I performed in the dark. Without amplification. The results were surprising.

The worst experience I ever had while telling a story was on election night 2016 at a live show of Slate's The Gist. I was telling the story about my run for the Presidency of my college when things started to turn in the election returns and eyes quickly shifted from me to phones. 

Trump was winning. The world was ending. People were literally hugging one another in the audience. And I was still blabbering onstage. There was a moment in my story when I nearly said, "I should stop. This is ridiculous. You don't want to laugh. I want a hug, too."

I persevered, but I'm quite certain that no one has the faintest recollection that I performed that night. Deservedly so.   

My second worst onstage experience was during the Mayor's Charity Ball years ago. I was emceeing the event, and while the entire evening was lovely, but no one was terribly interested in what the emcee had to say. It was nearly impossible to get anyone's attention, and once again, I'm fairly certain that no one has the faintest recollection that I was even there. 

I thought that last night might go just as poorly. I was scheduled to tell stories at a benefit for a local television network, but strong wins from the Northeaster had knocked the power out about an hour before I was set to perform, depriving me of a microphone or any light save candlelight. The room, which I have performed many times as a DJ, minister, and storyteller, isn't easy even with a microphone. It's long, cavernous, and unforgiving. 

Trying to get the attention of 200 people with no amplification in the dark was not going to be easy.

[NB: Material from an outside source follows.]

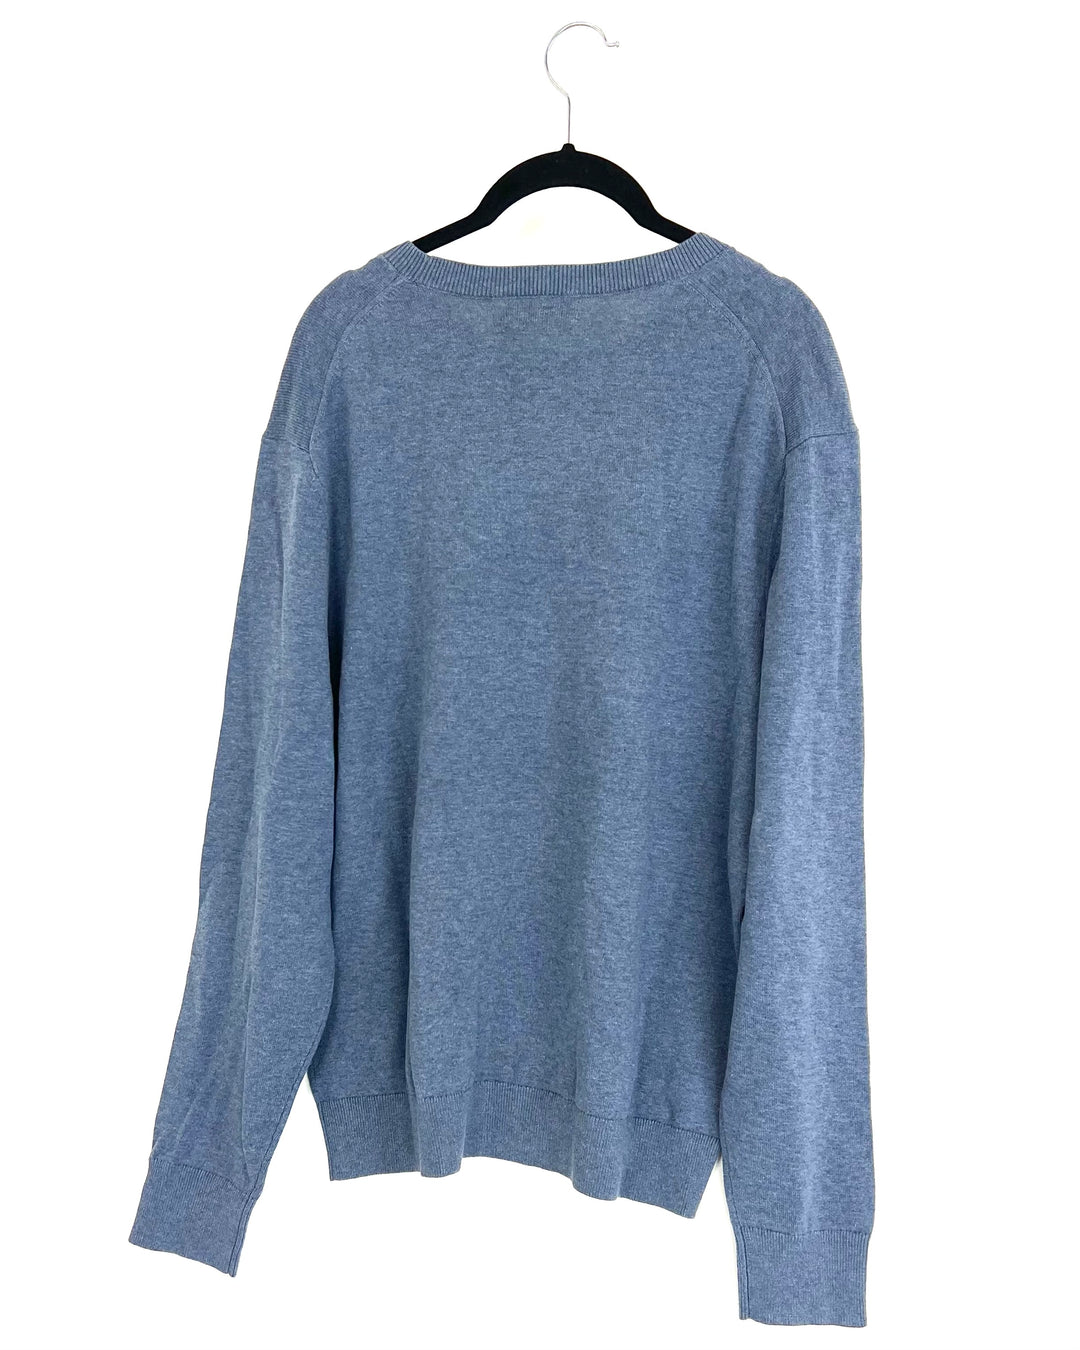 MENS Muted Blue Sweater - Medium
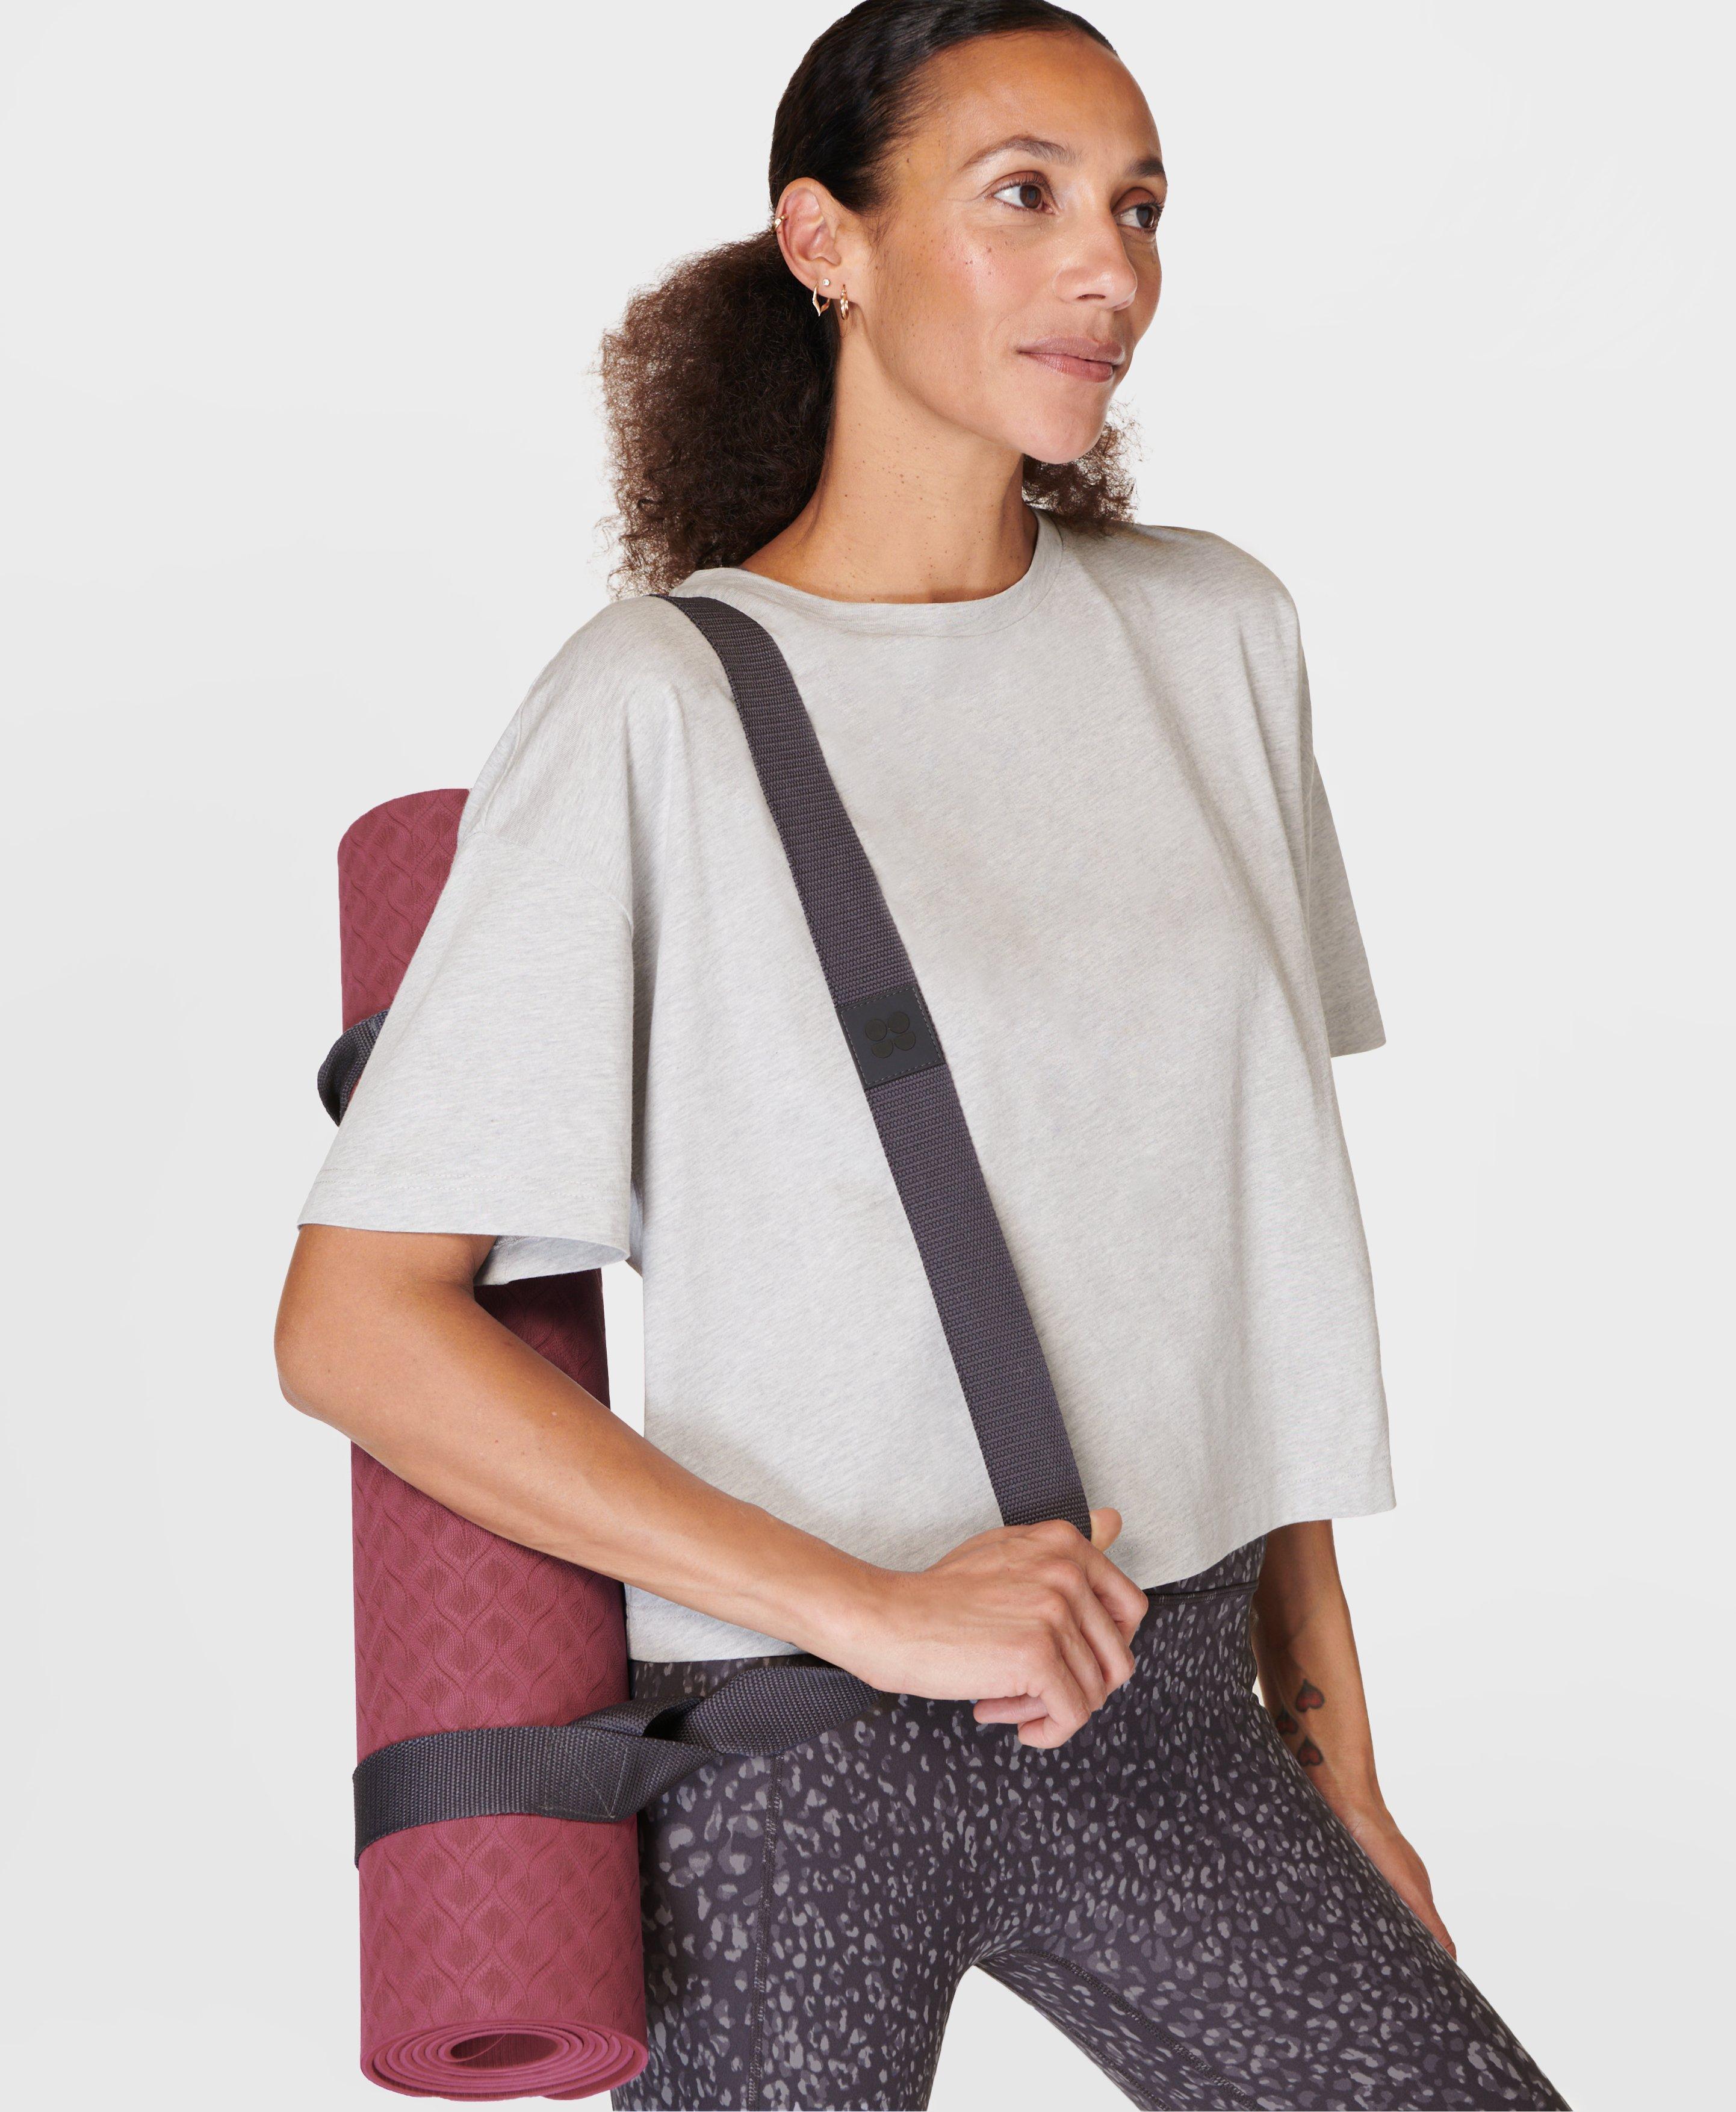 Yoga Mat Carry Strap - Urban Grey, Women's Fitness Equipment

One of the organizers proposed that we just scrap my performance. People were laughing, drinking, and having a good time already. No sense in disturbing their fun in these conditions.

"Yes!" I thought. "Cancel me. This isn't going to work!"  

Ultimately it was decided that I should give it a try, so reluctantly, I slid two wooden boxes over to the center of the room, climbed atop them, asked a few people to point their cellphone lights at me, and I started speaking.


Instead of telling three stories covering 30 minutes, I told two stories that filled about 15 minutes before my voice wasn't going to allow me to tell a third. Though I didn't capture the attention of the entire room, I managed to grab a sizable portion and made them laugh with two stories that I punched up on the fly.

I wasn't great, but it wasn't terrible either. People listened and laughed.

When I was done, I sat down beside a woman who I know but hadn't seen in years. It turns out that she hosts a show on the TV network now with three friends. She asked me appear as a guest.

As I was leaving the building, an attorney stopped me in the lobby and asked if I would be willing to consult on storytelling and communications with his firm.

Someone in the parking lot then stopped me and thanked me for the laugh. A tree had fallen on his house that night, and he was heading home to inspect the damage. "I didn't think I'd be laughing at all tonight. I really appreciate it."

I'm constantly counseling people to say yes when an opportunity presents itself, even when that opportunity is less than ideal. I know people who would've refused to perform under those conditions last night, and honestly, I wouldn't have blamed them. It was an awkward, almost impossible situation. Had they asked me to cancel my performance, I would've happily obliged.

But I agreed to entertain an audience, so when they proposed that I give it a shot, I said yes. I stood up on those precarious wooden blocks, spoke with all the volume I could muster, and told two funny stories 

It wasn't perfect, but people laughed and enjoyed the performance. I received an offer to appear on a television show, an offer to consult at a local law firm, and I brightened the evening of a man who was having an otherwise very bad day. 

Not bad for performing in the dark, without amplification, under the light of a handful of phones.